ECV Compared With Ejection Fraction

Using χ² values to compare strength of association in univariable models, ECV appeared at least as strongly associated with outcomes as EF, a clinically important benchmark for risk stratification because many decisions in contemporary cardiology revolve around EF (Table 2). EF and ECV displayed interactions in all multivariable models (P<0.001). Figure 4 shows that lower grade ECV elevations were more prognostically relevant in the setting of reduced EF (using the EF cut point of 45% also used in the TOPCAT trial39). When ECV was added to a model with EF as the sole covariate, ECV improved the classification of participants at risk for HHF (continuous NRI 0.44, 95% CI 0.11 to 0.76; categorical NRI 0.29, 95% CI 0.15 to 0.43 with 0.05 and 0.35 risk categories) and improved the model's discrimination (integrated discrimination improvement 0.038, 95% CI 0.019 to 0.068).

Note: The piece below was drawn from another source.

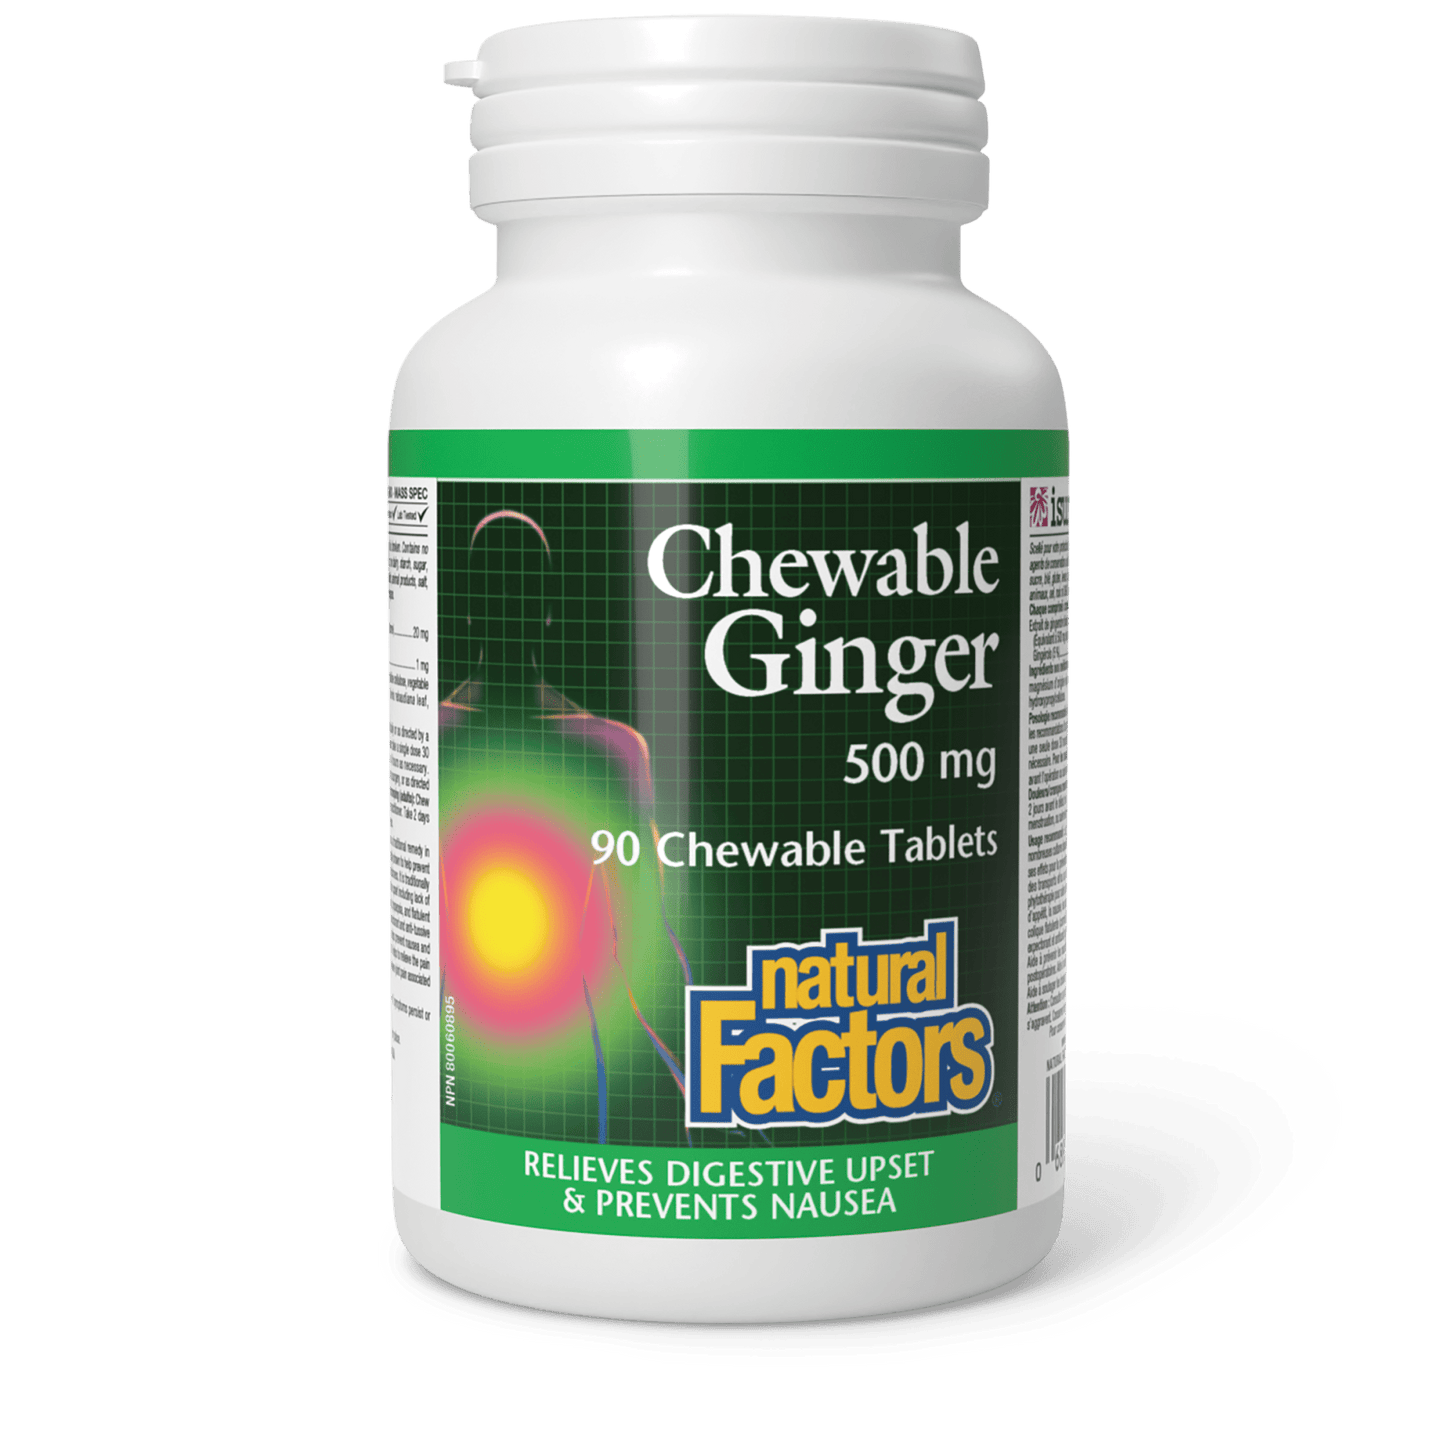 Chewable Ginger 500 mg, Natural Factors|v|image|4506

ECV was significantly associated with adverse outcomes in univariable Cox regression models (P<0.05 for all), whether EF was reduced (<45%) or preserved (EF ≥45%). Despite the decreased statistical power occurring with subgroup analysis, the basis for the statistically significant interactions between ECV and EF was evident qualitatively. Associations between ECV measures at the lower end of the ECV spectrum (eg, blue and red lines) and events appeared strengthened when EF was reduced. ECV indicates extracellular volume fraction; EF, ejection fraction.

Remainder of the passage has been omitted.